Trump responded before dodging: “No they’re not. No. I think they’re paid for by the country.”
Trump has often characterized tariffs on imports as money paid by foreign countries directly to America, which is not true. He has said China sends “billions of dollars” directly to the U.S. Treasury to cover the tariffs, also not true.
Feinberg told O’Donnell that Trump appears to regard tariffs as “tribute paid by other countries for the privilege of accessing American markets.”
“Of course this isn’t true, yet he’s been saying this for years,” Feinberg added.
Companies that import goods to America, such as giant retailers like Target, or American stores that sell appliances made in other countries, pay the tariffs, the costs of which are almost always passed onto consumers.

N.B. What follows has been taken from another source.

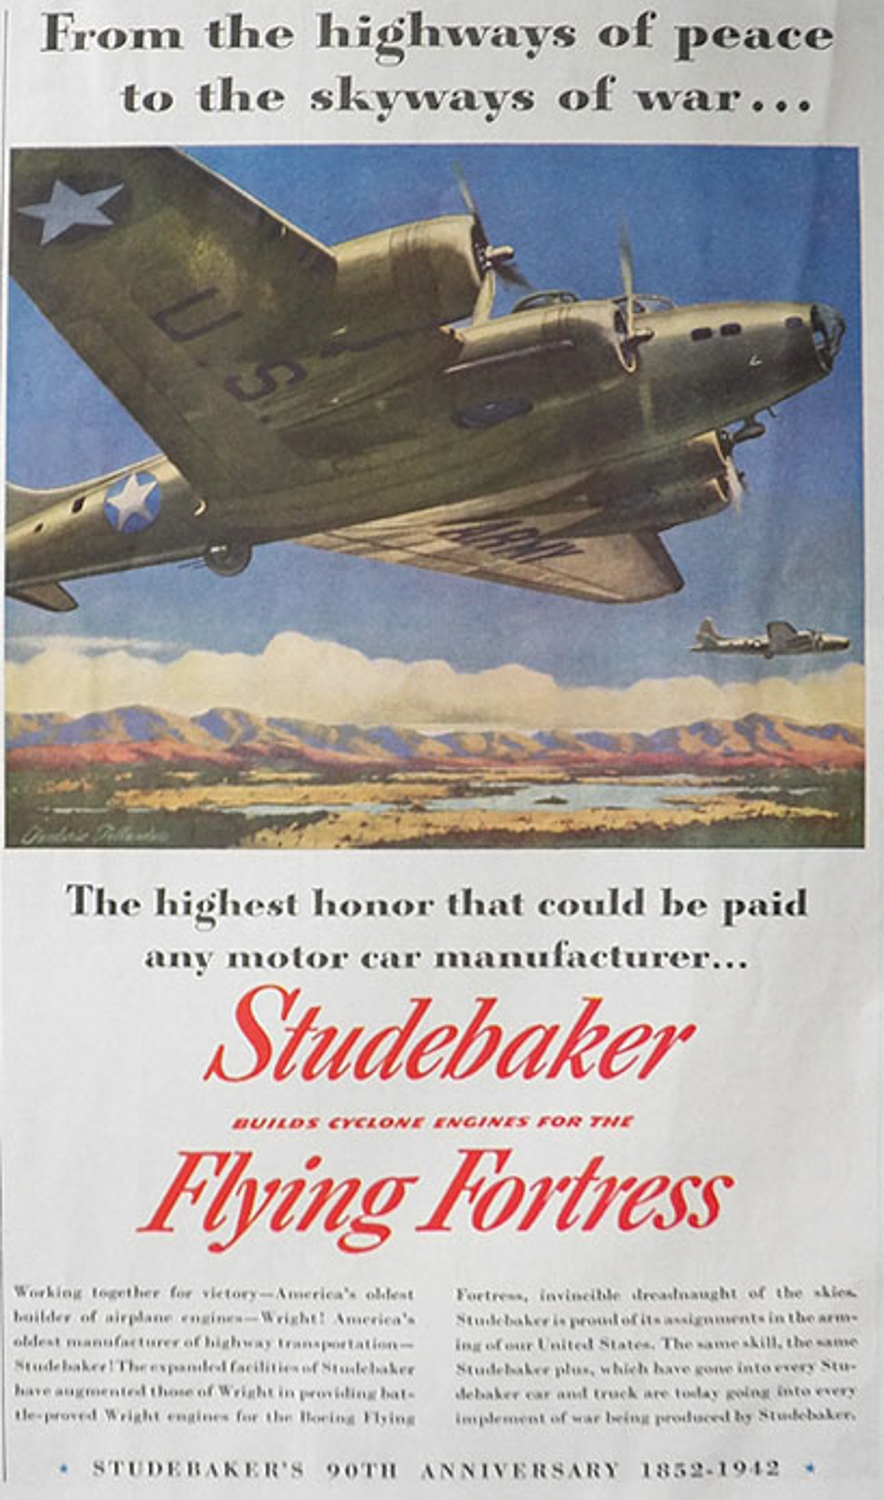 Studebaker built more than 63,000 engines for the Flying Fortress bomber.

“Tariffs are sales taxes, that’s all they are. And the buyer pays the sales taxes,” O’Donnell emphasized. “If Donald Trump puts a 50 percent sales tax on a Samsung TV coming into this country, then you will pay 50 percent more for that TV.”
O’Donnell added: “The sad truth is we don’t actually know if Donald Trump is so deeply stupid that he believes what is saying,” or if he knows he’s lying to American voters.
Feinberg followed up later in the day at a White House press conference with Trump and Starmer, again pressing the president on tariffs, asking him: “Can you explain how you came to this belief that foreign governments are paying tariffs?”
“The tariffs are necessary because we’ve been treated very unfairly,” the president responded, eventually concluding: “It will make our country rich and stop us from being a laughing stock all over the world.”
He did not address Feinberg’s question about who actually pays the tariffs.
Starmer then addressed the White House correspondent’s question about Trump’s “repeated statements of desire to annex Canada,” and whether King Charles has expressed any concern about the president’s aim to “removed one of his realms.”
Starmer responded: “You mention Canada. I think you’re trying to find a divide between us that doesn’t exist. We’re the closest of nations, and we had very good discussions today. But we didn’t address Canada,” he acknowledged.
That’s when Trump said: “That’s enough, as he waved a hand at the members of the press, but appeared to shut down both Feinberg and Starmer.
The White House quickly denied in a post on X that Trump cut off Starmer. “Fake News,” the post complained. “President Trump was clearly talking to the reporter trying to goad the leaders into division,” referring to Feinberg.